A John Russell WWII Spy Thriller, Book 7
From the publisher:
The prequel to David Downing’s bestselling Station series introduces John Russell, an Englishman with a political past who must keep his head down as the Nazis solidify their power.
February 27, 1933. In this stunning prequel to the John Russell espionage novels, the Reichstag parliament building in Berlin is set ablaze. It’s just a month after Hitler’s inauguration as Chancellor of Germany, and the Nazis use the torching to justify a campaign of terror against their political opponents. John Russell’s recent separation from his wife threatens his right to reside in Germany and any meaningful relationship with his six-year-old son, Paul. He has just secured work as a crime reporter for a Berlin newspaper, and the crimes which he has to report—the gruesome murder of a rent boy, the hit-and-run death of a professional genealogist, the suspicious disappearance of a Nazi-supporting celebrity fortune-teller—are increasingly entangled in the wider nightmare engulfing Germany.
Each new investigation carries the risk of Russell’s falling foul of the authorities, at a time when the rule of law has completely vanished, and the Nazis are running scores of pop-up detention centers, complete with torture chambers, in every corner of Berlin.
The current novel is the 7th featuring John Russell, an Englishman by birth, but living and working in Berlin in the years prior to World War II. The book is indicated as a prequel to the other novels and I must say at the onset that it is, in my opinion, the most mesmerizing.

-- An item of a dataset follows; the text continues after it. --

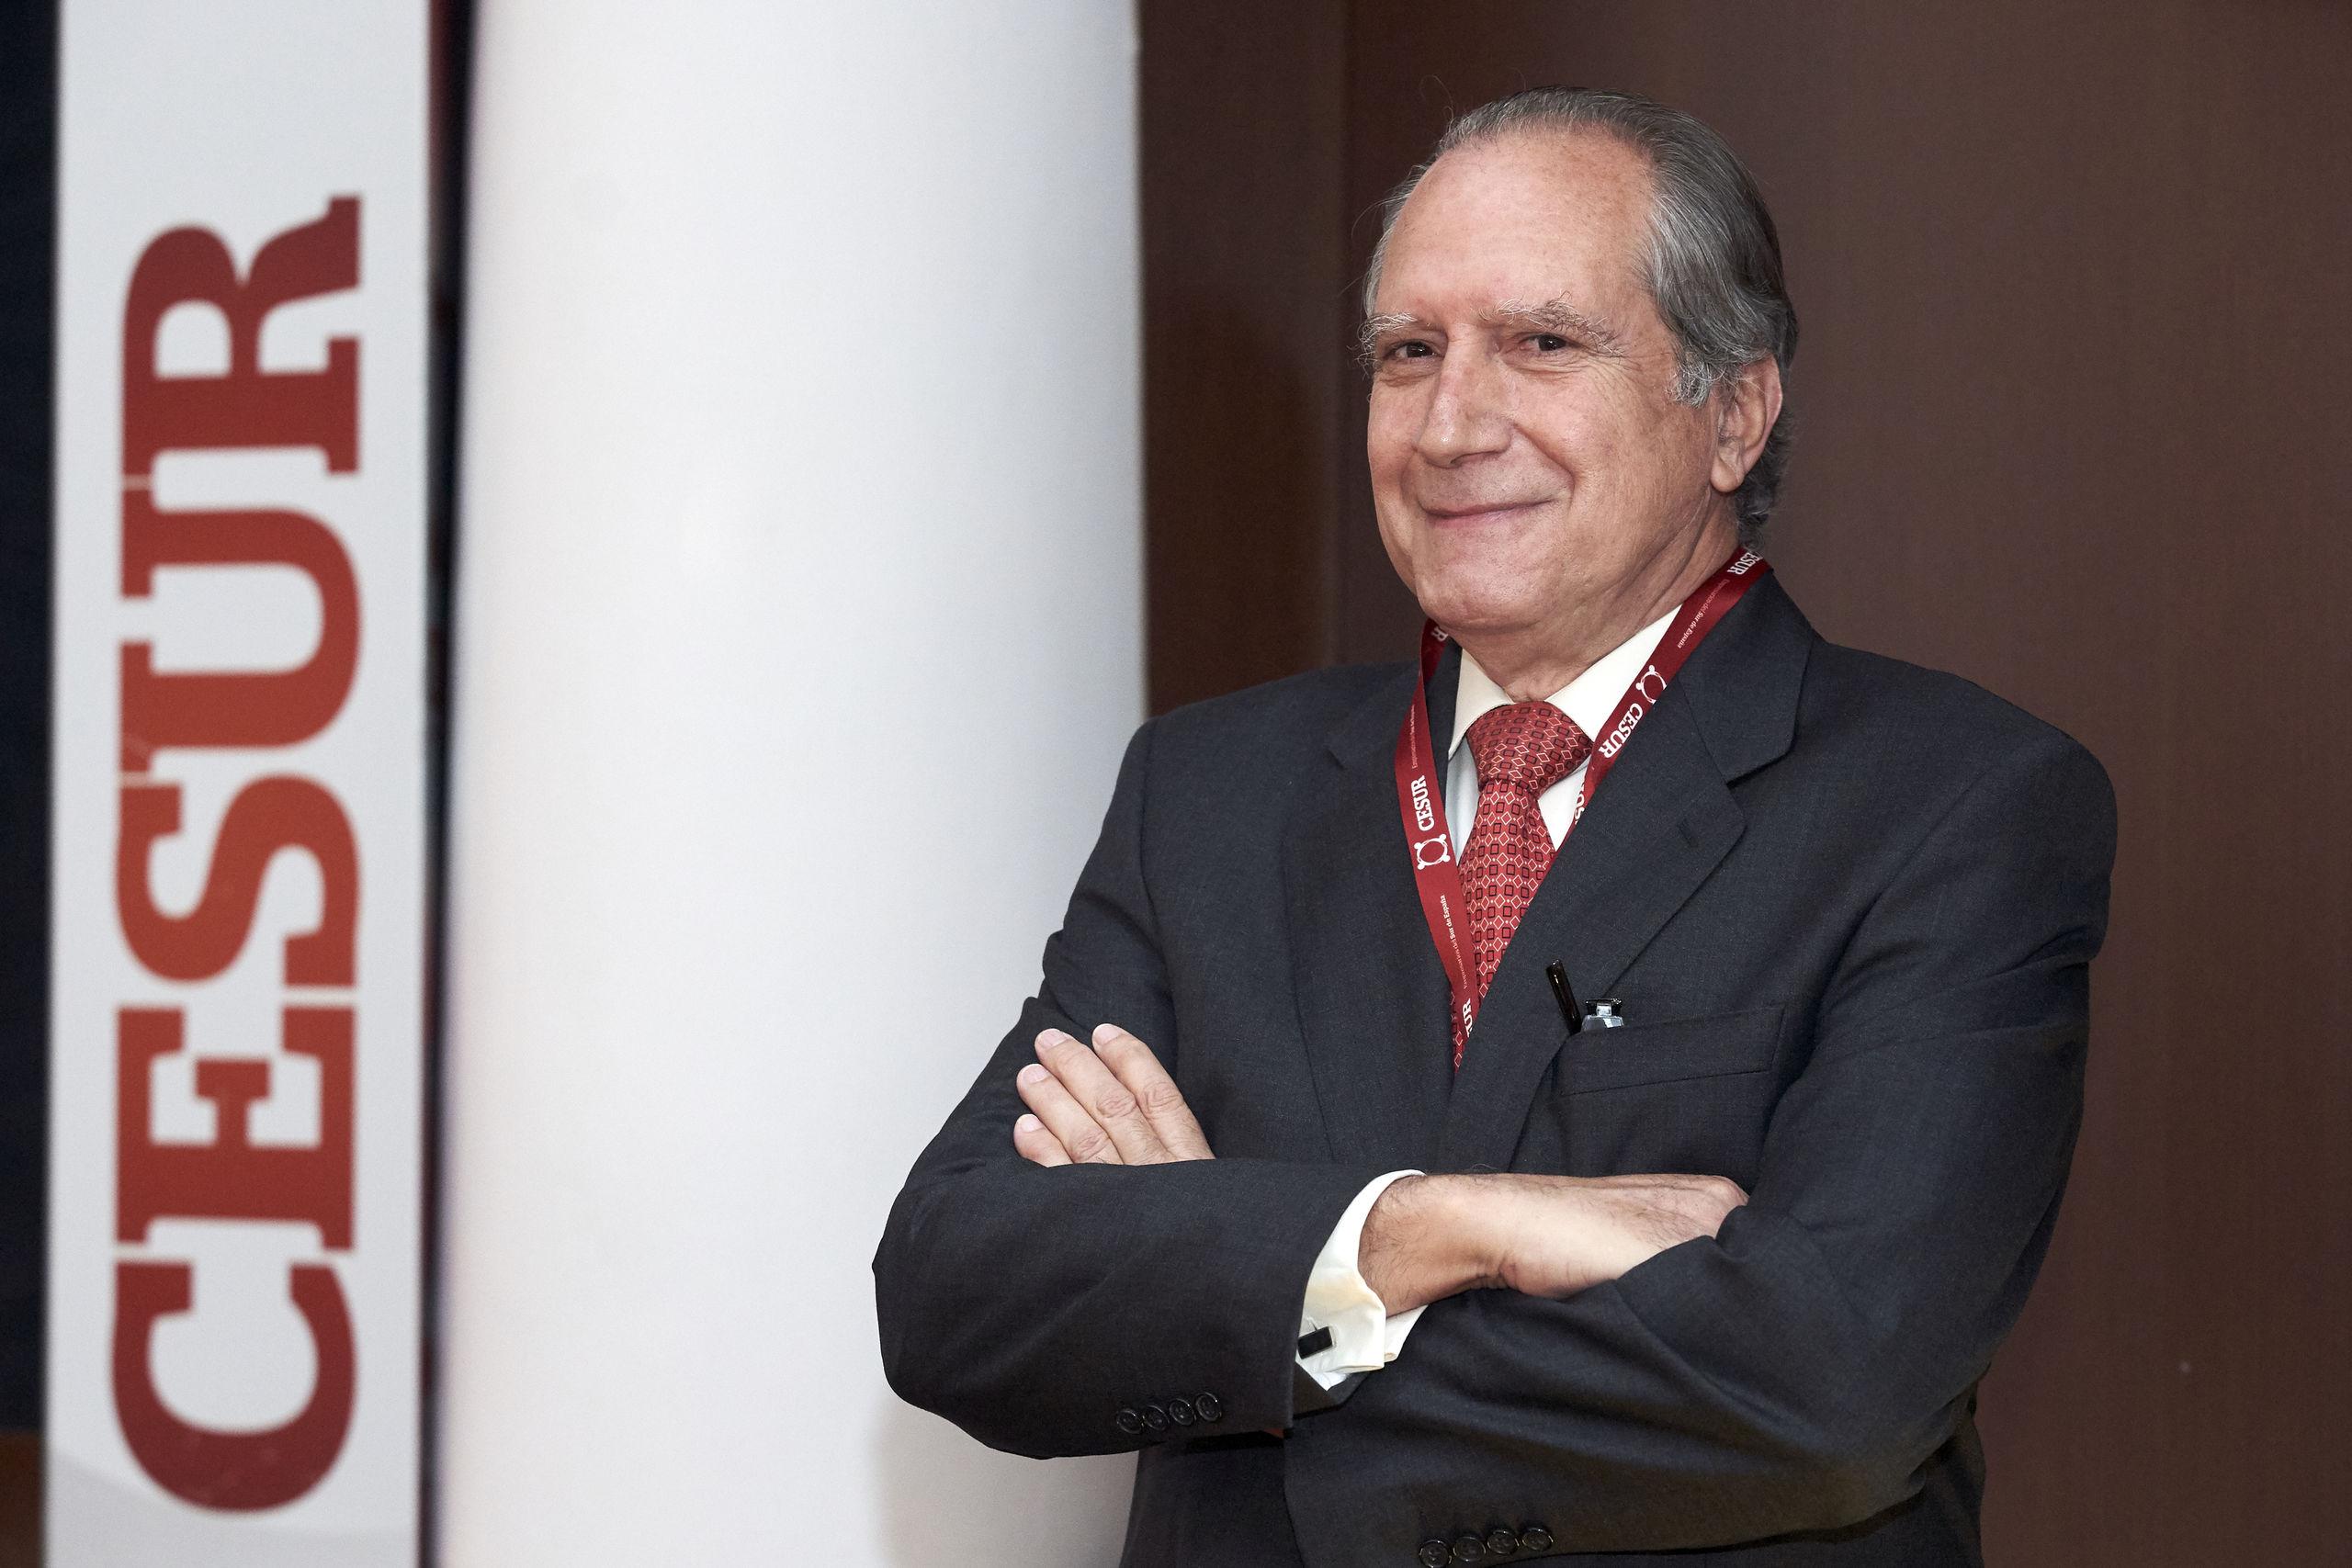 Juan Francisco Iturri

I also rank it as one of the best books I yet have read by David Downing and he has certainly more than made his mark as a top author in his many areas.
The period covered by the novel includes the years during the late 1930s and describes a period when a lunatic fringe took power and turned Germany into a madman’s domain with the very worse becoming the leaders of the country. Downing has done, as normal for him, a great deal of research into the period and can describe the emerging of the new Germany in great detail. Hitler has grabbed power taking over as Chancellor of the country and early on staged a fire in the Reichstag Parliament building. Using the fire as an excuse to crack down on groups such as the Communist party, gays, Jews, and any other sectors where the torment on these people can be utilized to coalesce changing the truth for Nazi fiction. Loudspeakers are set up all over the cities so that Hitler’s speeches can reach everyone. It becomes a suspicious act if people are not listening and praising. It also becomes a necessary part of life for all to read Mein Kampf, Hitler’s manifest and plan for the future of Germany.
John Russell is picked up when he is working as a crime reporter for a major Berlin newspaper. He is divorced from his wife but has no problem visiting and having a relationship with his five-year-old son the couple had when married. In the events described in this book, he becomes involved in three occurrences and is attempting to cover them for his paper. The first is the murder of a young male prostitute, another the running over of a professional genealogist, and the third the disappearance of a Nazi supporting fortune teller. The three events become somewhat related with the actual facts of the cases becoming skewed by different factions of the Nazi party. Care must be taken to not rub the Nazi party the wrong way. Punishment can be firing from a job, taking over a business, and even death.
The steady increase in Nazi oversight with brutality and forced obedience to an ever-changing set of rules is brought out by the author. It is the loss of personal freedom engendered by a population that will not or cannot oppose their oppressors.
The novel ends with John meeting the girl that becomes his new love interest in the books already written. It also indicates that he will stay in Berlin and become more and more involved with the different directions of Germany and its moving into war. Finishing the book will also leave the reader drained and, if not read yet, anxious to get into the next book in the series.
3/2021 Paul Lane
WEDDING STATION by David Downing. Soho Crime (March 2, 2021). ISBN: 978-1641291071. 336 pages.